• Created by: Pip Dan
  • Created on: 20-09-17 16:32

Gloucester can be compared to Lear, they both represent the 'old order' as they conflict with their own children. In that way Gloucester can help us understand Lear and vies versa, as we view other people's reactions to the same situation. However, Gloucester also stands as an important character in his own right as Shakespeare uses him to explore nobility, loyalty and, later on in the play, the issue of human suffering and despair. 

Old order

Gloucester is a powerful Earl in Lear's court and as such is a representative of the older generation, like Kent and Lear, who base their power on birth rights, believe in the gods and superstition and through whom the idea of old age is explored.

Like Kent, Cordelia and the Fool Gloucester is totally loyal to Lear throughout the play but the proactive nature of this loyalty is questionable. Certainly in the latter half of the play, Gloucester is so frail and needs to rely on Edgar/Poor Tom for help that he is unable to aid to aid Lear.
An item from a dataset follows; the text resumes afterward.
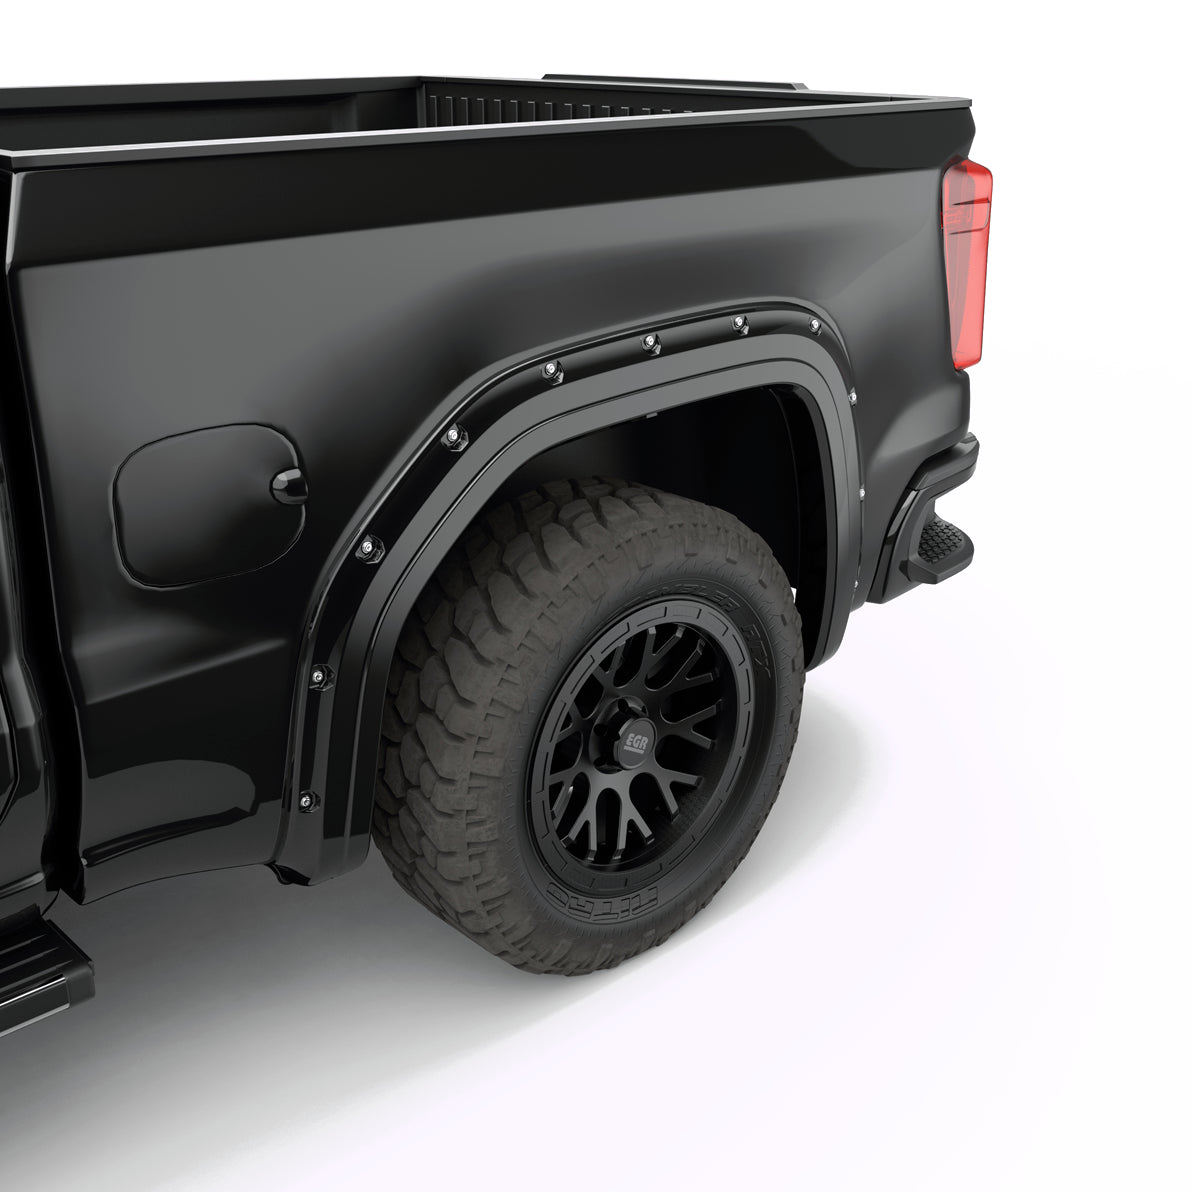 EGR Traditional Bolt-on look Fender Flares 19-22 GMC Sierra 1500 Painted to Code Black set of 4

This is not necessarily a criticism of him considering that Gloucester has been blinded and it was because of his loyalty that Cornwall and Regan punished him.


Gloucester's experiences highlight the play's focus on what happens when power shifts from one generation to another. After he is blinded, one of Gloucester's old servants kindly guides him out of the palace. Despite his sudden fall from influence, Gloucester's attitude demonstrates that it's hard for someone who's always been on top to adjust to life as someone without power. 'Do as I bid thee' he orders the servant who is helping him.

Then, suddenly realizing his position, Gloucester adds, 'or rather do thy pleasure'. After a lifetime of being in command, Gloucester finally realises what it is like to not have power. His slow transition from having an arrogant attitude to one of consideration for others mirrors Lear's journey through the play and reinforces the play's message that deeper wisdom is earned through suffering.

This transformation is necessary, because the Gloucester we meet at the beginning of the play is self-satisfied and a little hypocritical. Gloucester's weakness is women, and his extramarital affairs produced Edmund. Some people, including Edgar, argue that Gloucester getting blinded is payback for the sin of adultery. Then Gloucester goes on to believe Edmund's story about Edgar betraying him; perhaps because having seen Cordelia turn against Lear he realises how possible betrayal is. He doesn't even try to speak with his other son before he assumes that what Edmund says is true.

Finally, Gloucester seems to recognize neither Kent nor his own son, Edgar, when those men are in disguise. Perhaps, Gloucester pays too much attention to outer appearance and social position and that blinds him from seeing what really matters.